Philip Whalen, Associate Professor of History
Coastal Carolina University

This essay compares two approaches to understanding the condition of free women of color who struggled to maximize their autonomy and sustain social relations within the repressive environment of colonial and antebellum New Orleans. While recent scholarship squarely addresses how free women of color constructed and sustained a viable Creole heritage, it must reckon with a tradition of primary sources written by moralists, and itinerant observers—ranging from Fanny Trollope and Gustave de Beaumont to Amos Stoddard and Grace King—whose analysis of the daily lives of Creole women was suspect in that it drew disproportionate attentions to the sexual activities of free women of color with white men.
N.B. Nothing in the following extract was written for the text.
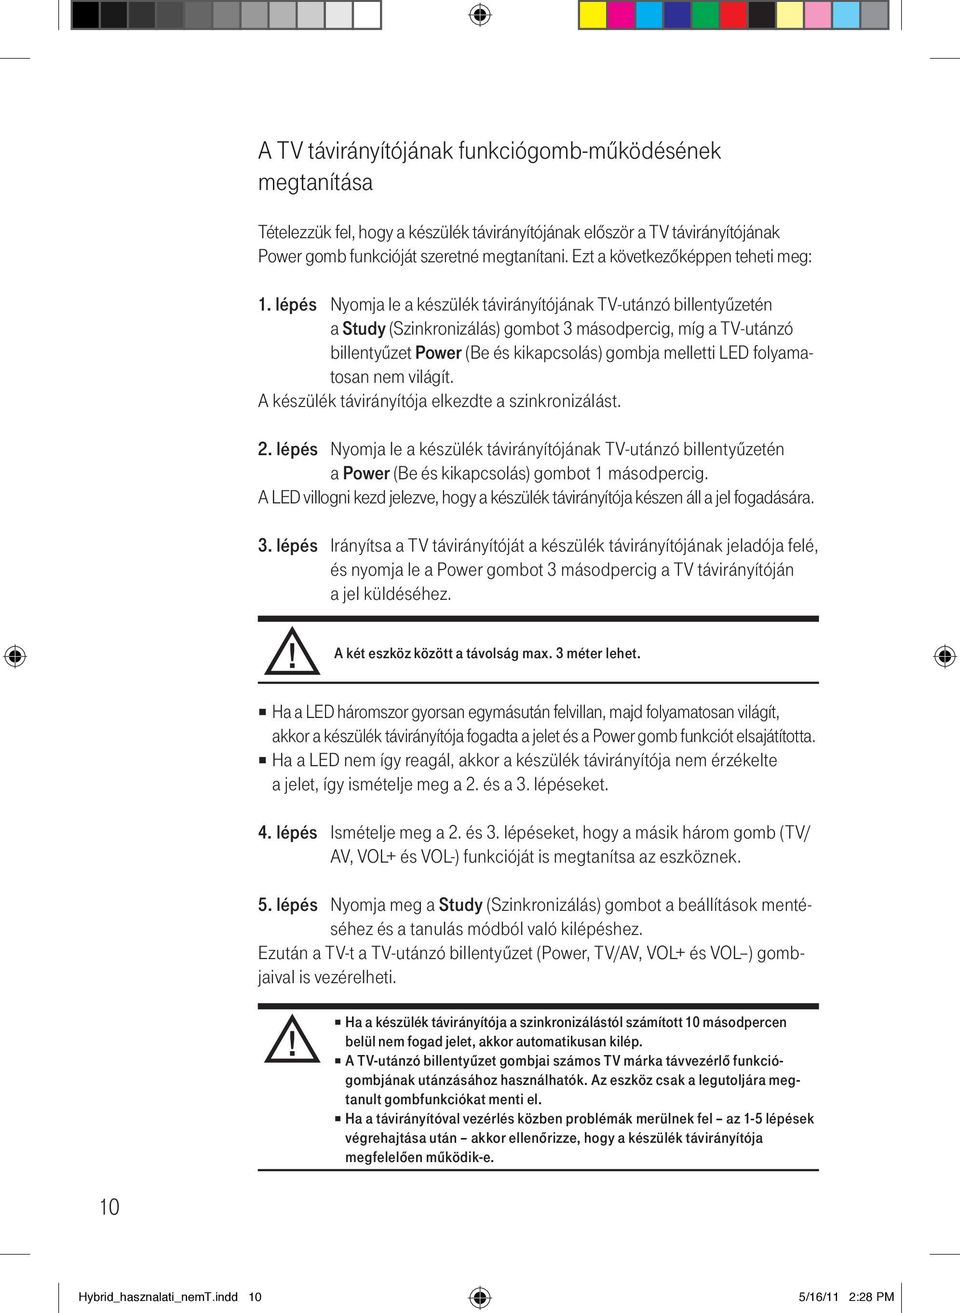 EC2218SS / EC2208S. digitális beltéri vevőegység kezelési útmutató - PDF  Ingyenes letöltés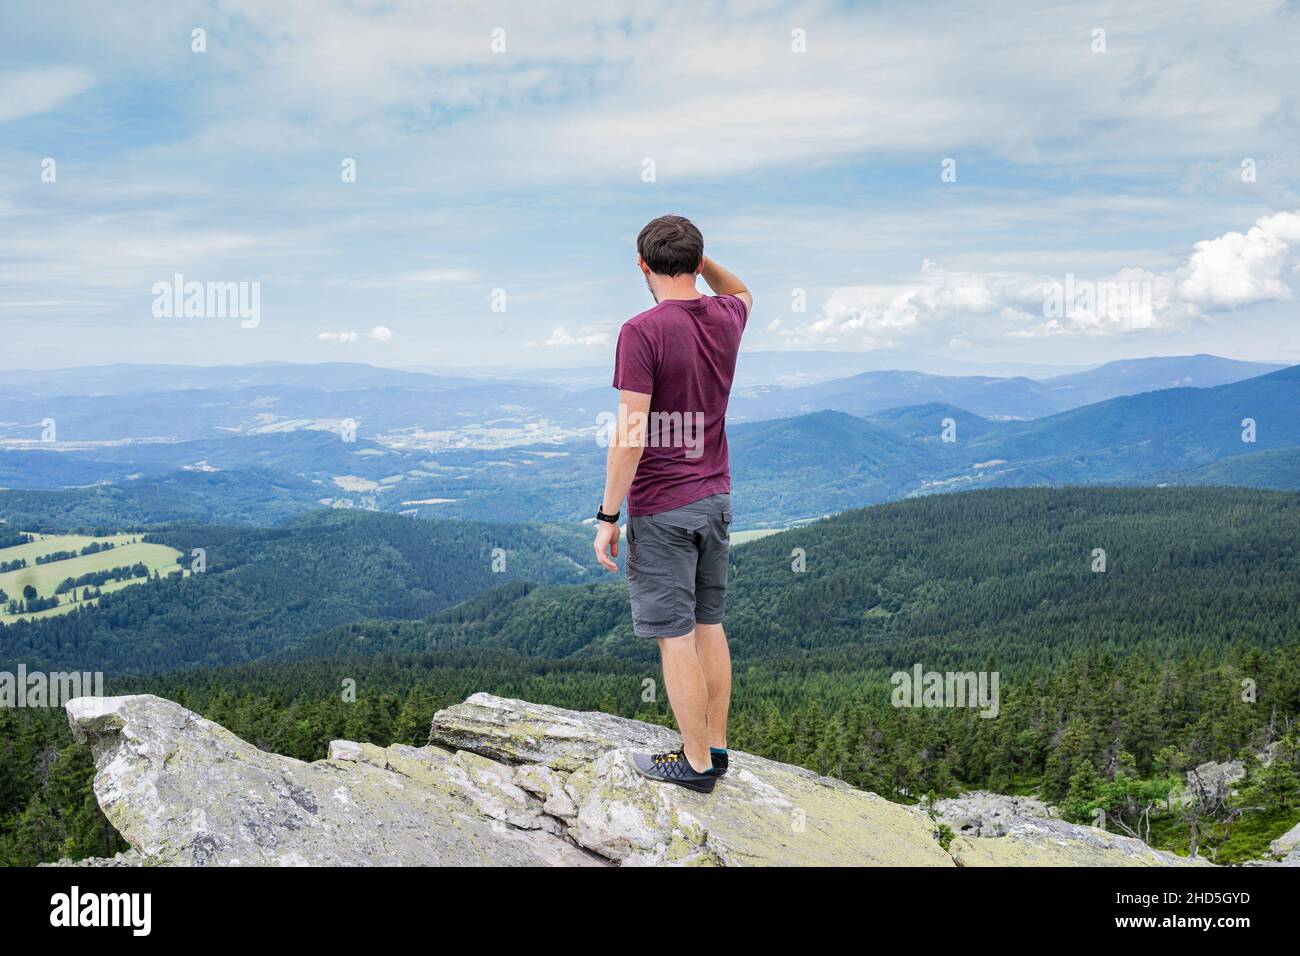 Mann Reisende Gefühl frei genießen Blick auf Mountains.Male stehend auf Felsen nach climbing.Adventure, Sport, Aktivität, Fernweh Freiheit Reisekonzept. Stockfoto

In Louisiana the highest position that can be held by a free woman of color is that of a prostitute… She raises herself by prostituting herself to the white man.
—Gustav de Beaumont, Marie (1835)

Free women of color, or filles de couleurs, occupied a unique and precarious social position in late-eighteenth and early-nineteenth century Louisiana. Legally defined as being of no more than ¼ African ancestry but commonly identified as belonging to a class of free persons exhibiting some degree of color (Garrigus, 1988, p. vii and Berlin, 1998), they rejected identification with black slaves and free whites in order to construct distinct identities for themselves in a racially oppressive and sexually exploitive environment (Gould, 1996, p. 193). The strategies they employed to advance and protect their interests illustrate how they tackled the circumstances and conditions that defined their struggle. These ranged from taking advantage of their slim but not inconsequential legal rights, to educating themselves, to holding and transmitting property, to developing exclusive community networks, to cornering various market activities, and engaging in a variety of legal and extra-legal personal unions.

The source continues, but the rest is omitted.